Poor posture is not merely an aesthetic concern but can even lead to obesity and psychological stress. It may also result in severe back pain, which is already affecting over 80% of all Americans. The good news, however, is that specific workouts can help build strength and loosen tight muscles, a result that is noticeable in just a few weeks, according to an article on Harvard Health Publishing. Our posture impacts our health more than we might imagine and use the right gear, like back support braces, which can offer immense benefits.
Slouching, in particular, puts pressure on the neck and lower back, leading to chronic complications. It can be corrected by sitting straight, but this is easier said than done. Using a back support brace can offer relief from back pain, while providing adequate support with steel plates to remain in an upright position with relaxed muscles, according to experts at Aidfull. Besides using back & posture support, here are a few other measures to help you maintain good posture.
Slumping is where the upper body or the torso is collapsed forward, especially while using the phone or laptop for hours. It also often results in a “text neck,” which is a modern term to describe an injury to the neck muscles, caused by excessive use of mobile phones. One way to avoid this is to place a small cushion behind your mid-back to preserve the natural curve of the spine and bending the knees at a right angle, according to information shared on WebMD. Additionally, you can consider back & posture support products for optimal results.
Sleep in the Right Position
Not sleeping in the right position can strain your muscles and spinal cord. Therefore, be mindful to keep your hip flexors stretched properly. For this, ensure your lower back and neck are aligned at night. Otherwise, your muscles might try to overcompensate for the pain, resulting in a distorted spine. Sleeping correctly can keep your body from getting locked unnaturally and prevent stiff shoulders or neck in the morning.
Avoid Reclining While Driving
Before starting, try to pull the seat towards the steering wheel. This will take the tension off your shoulders and lower the chances of back pain. Reclining while driving can put a strain on your upper back and neck, leading to stressed ligaments. So, if you are to drive for more than 2-3 hours at a stretch, consider lower a back brace, lower lumbar belts & spine support. These can help repair your back muscles, keep you comfortable for the longest time, and stop you from slouching.

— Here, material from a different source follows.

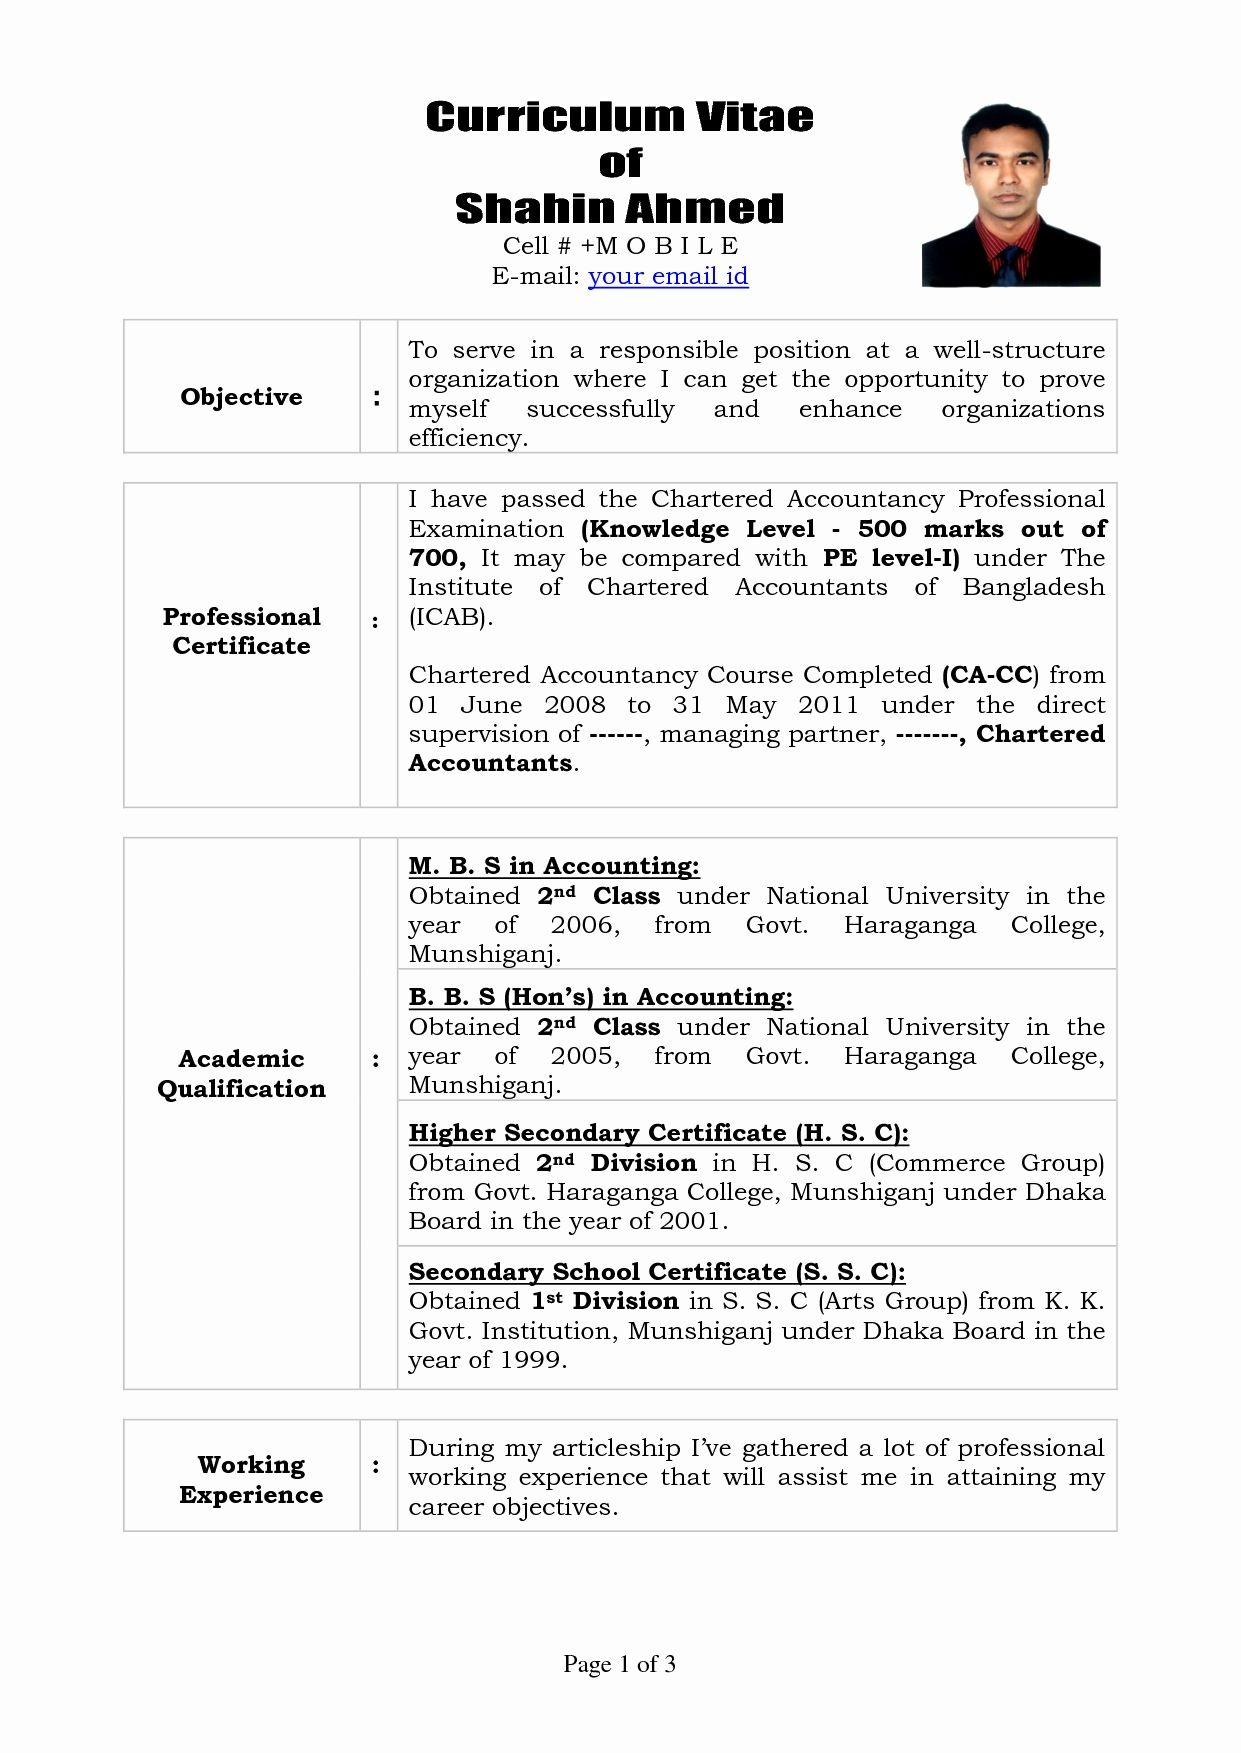 jane39s revised resume Resume examples, Student resume

Stand at Regular Intervals
A study by the University of Leicester found that 52% of the people using a standing desk at work experienced improved productivity. Consider standing while working to experience healthy back muscles. It can ensure proper body weight distribution while keeping your neck, shoulders, and arms functioning optimally. This happens because the force of gravity is rightly aligned so that no particular muscle is overworked. However, you can wear a back support and sit down from time to time to avoid feeling tired or the legs swelling.
Keep your chin parallel to the floor and knees pointing ahead to help improve your balance. You can also try head retraction, bridges, and torso twists on alternate days to ensure good body posture.